People who wake up with a hangover and head straight to 9AM bootcamp are less relatable than people who choose the middle seat on a plane. Or people who use the “cool” setting on a blowdryer. Or people who don’t follow Beyonce on Instagram. You get the point: exercising with a hangover is hell on earth, so we made a workout that’s totally hangover-proof, so you can sweat out last night’s tequila without the nausea and migraines that come with your regular gym routine. Do each of the following exercises for 45 seconds, and repeat the circuit 3-4 times total.

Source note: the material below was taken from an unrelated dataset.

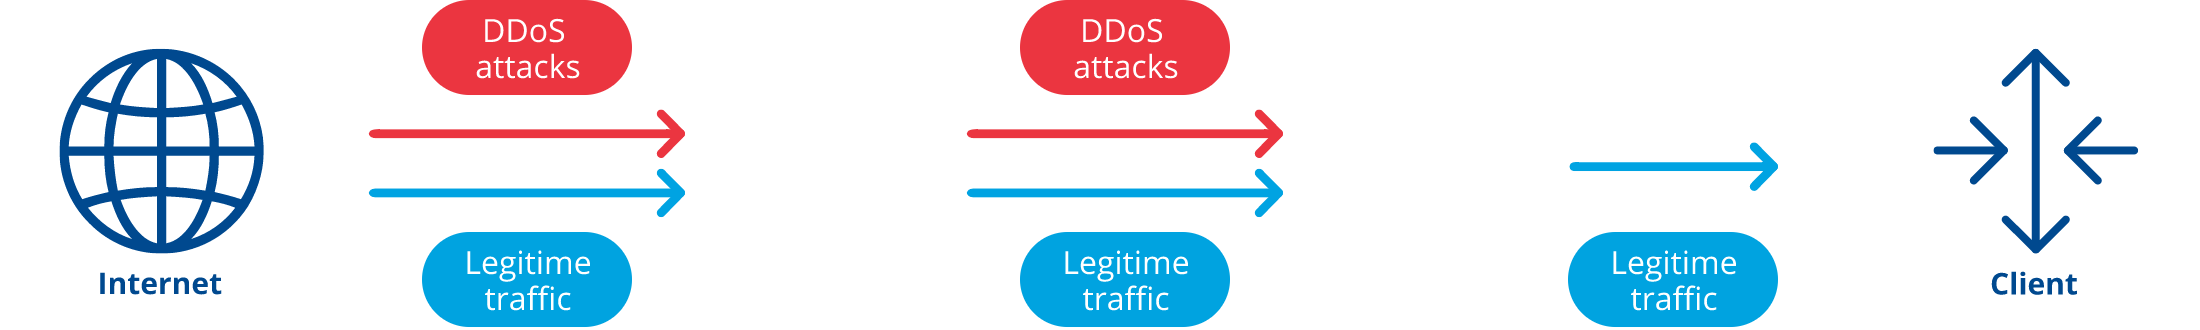 DDoS-Schema

Alternating Lunge to Squat

Your leg muscles are the biggest muscles in your body, so you’re burning the most calories when you do lower body workouts. However, as much as you’d love to go on a run or make it to SoulCycle, it’s just not happening. The idea of bouncing around in a dark room while listening to Chainsmokers at full blast makes you want to vom, so lunges and squats are a hangover-proof alternative. Step forward with your right leg, creating a 90 degree angle and bringing your left knee an inch away from the ground. Then, step your feet together and squat down, keeping your knees behind your ankles. Alternate between the lunges and squats for the full 45 seconds.

Standing Oblique Crunches

Every good workout needs to have some ab component involved, but bicycle crunches and planks might sound nauseating AF right now. Luckily for you, you can work the sides of your abs while standing up, and it might actually be more effective than your 30-second side planks. Standing with your feet shoulder-width apart, put your hands behind your head and slowly crunch sideways toward one side of your body, feeling the stretch on the other side. Do 5 reps on one side, then 5 reps on the other, and alternate between the two. If you have a dumbbell to hold in your hand, it’ll make it even harder, but we can also just save that for a day where you can actually see straight.

Lying Hip Bridges

You’ve probably heard the phrase, “You don’t get the ass you want by sitting on it,” but it turns out, you can get it by lying on the floor. No joke. Hip bridges engage your glutes, which are the muscles that make your butt look amazing and perky in a bathing suit. Start by lying on the ground with your knees bent and your feet on the ground. Then, lift your hips off the ground, squeezing your butt to lift up, and keeping your upper back on the ground. Lift and lower your butt for a few reps, and then try holding for a few seconds at the top. If your butt is burning after like, 30 seconds, you’re doing it right.

Tricep Dips

It wouldn’t be a full-body workout if we didn’t make you work your arms, but most arm exercises require weights, and we all know you’re not making it to the gym today, so let’s not kid ourselves. Tricep dips are one of the few arm exercises that are super effective without weights required, so get ready to not be able to lift your arms tomorrow when you brush your hair. Find a bench or couch of some sort, and sit in front of it, with your hands on the bench surface behind you. With only your hands on the bench, make sure your butt is only a couple inches away. Then, dip your body up and down with your elbows bent, using only your arms to lift and lower your body. Try to do 10 straight, then rest for a few seconds and do another 10.

Downward Dog to Push-up

Downward facing dog is technically a yoga pose, so by combining it with a push-up, we’re basically yogis and also military material. It’s whatever. Start with your hands on the floor out in front of you and your feet on the ground behind you, feeling the stretch in your shoulders and calves. Then, bring your body forward so that your shoulders are over your wrists, and dip down for a push-up. Drop down to your knees if you need to, but try to get your chest as close to the ground as you can. Alternate between the two movements as many times as you can, and then you can get on with your v productive day. I mean, you know the day’s off to a good start when you literally need sunglasses to open the refrigerator. Happy Sunday.